Alison Jones: Superb recommendation. Thank you. I should add, as well, you probably know, as well, Matthew Syed wrote the book to kids You Are Awesome, which is more aimed at them and just a brilliant book to actually give your child to get them understanding those lessons.
Elaine Halligan: It’s doing ever so well. I must get a copy of that. It’s just the title that put me off.
Alison Jones: Oh no, don’t let it put you off. My son loves it.
Elaine Halligan: Okay. No, I will. I’ll look at that. He’s done really well in this space, and I think delivering a children’s book on the back of this was just inspired, actually, and just genius.
Alison Jones: We need more like that, actually, because I think there aren’t enough books like that for kids. You know, the parents are taking it all in, but it’s really good to put it in language that children can understand, very friendly look on the page. It’s brilliant.
Elaine Halligan: Good recommendation. Thank you.
Alison Jones: Vice versa. Now, if people want to find out more about you, more about The Parent Practice and more about My Child is Different, where should they go?
Elaine Halligan: So, we have a website called theparentpractice.com, so you can have a little peek around there. If you want to sign up there we have a wonderful kind of download of 10 top tips to a happy, calmer, easier life. I don’t know any parent who reads that strapline and doesn’t want any of that. We offer a lot of live events. We have about 12 gigs every week going on somewhere in the community, in schools, in corporate. Yes, take a peek around there. In terms of the book My Child is Different, I love this new website. Have you come across Love Reading?

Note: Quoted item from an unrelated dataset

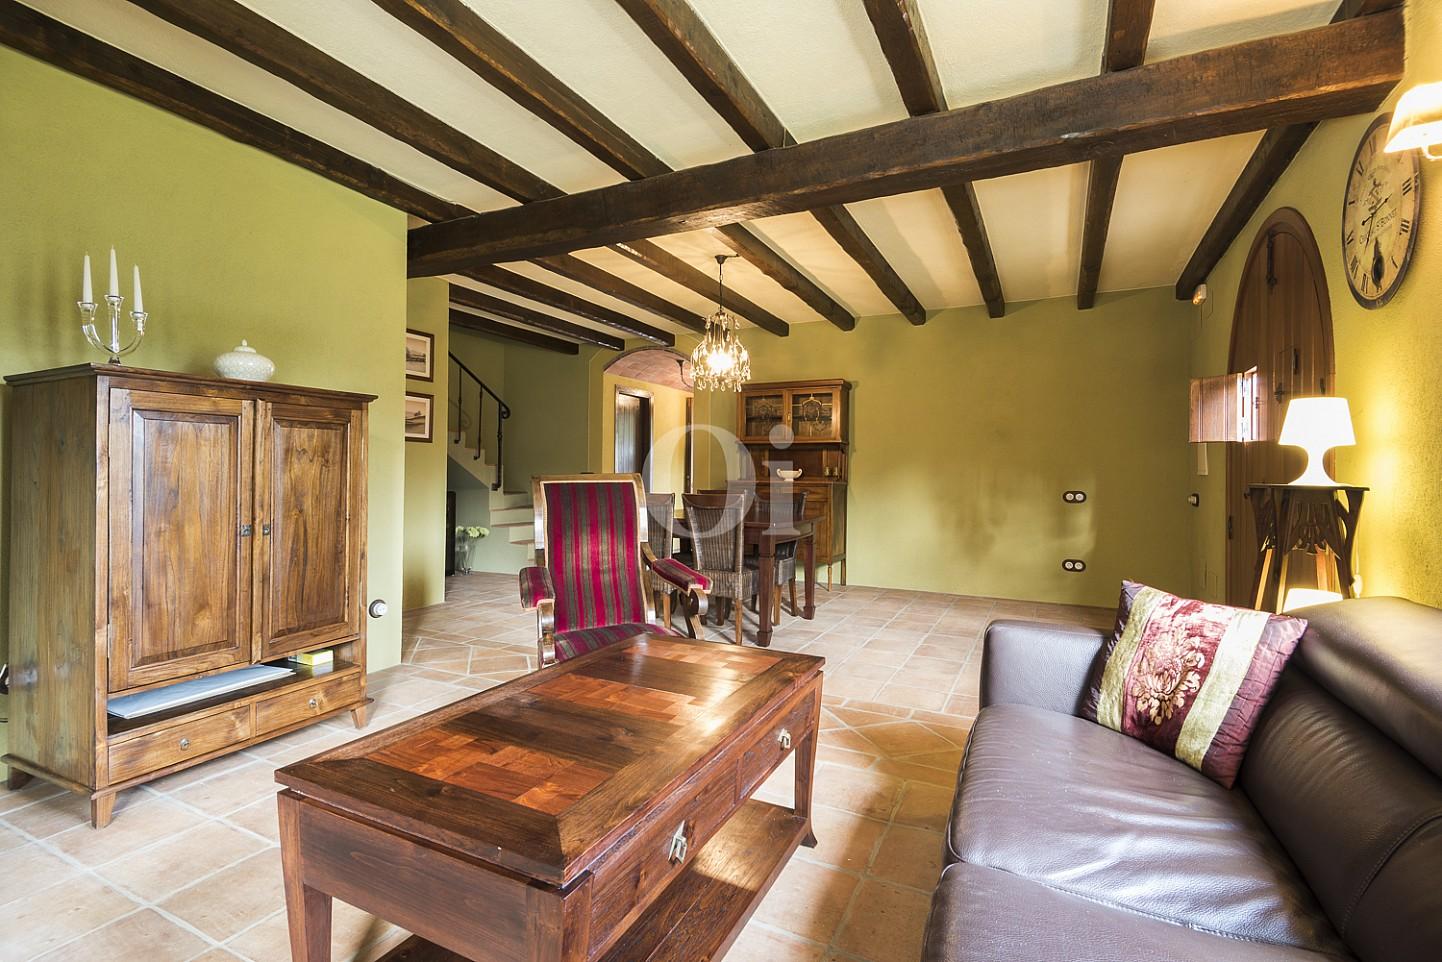 Vistas interiores del salón-comedor y de los techos con vigas de madera

Alison Jones: Yes, and do you know I found it the other day. I haven’t really explored it much. I’m just looking at it and going, “How does this compare with GoodReads?”
Elaine Halligan: Visually, I love it because visually it looks fabulous. For some reason Love Reading have taken on my book as book of the month last month.
Alison Jones: Fantastic.
Elaine Halligan: So, I would encourage everyone to go and have a look at Love Reading. Type in My Child’s Different and some of the review comments there will just bring tears to your eyes. So Love Reading is similar to Good Reads, but I think they’ve re-launched it, actually, and I just think visually it looks a fabulous site and full of great reviews. Of course, there’s Amazon. The book was out of stock last week. I think it’s back in stock now, but you can certainly buy the book on Amazon and from all good bookshops, as well.
Alison Jones: Fantastic. Well, it’s been such a pleasure talking to you, Elaine. Thank you and thank you for sharing that story with us.
Elaine Halligan: My pleasure. Take care.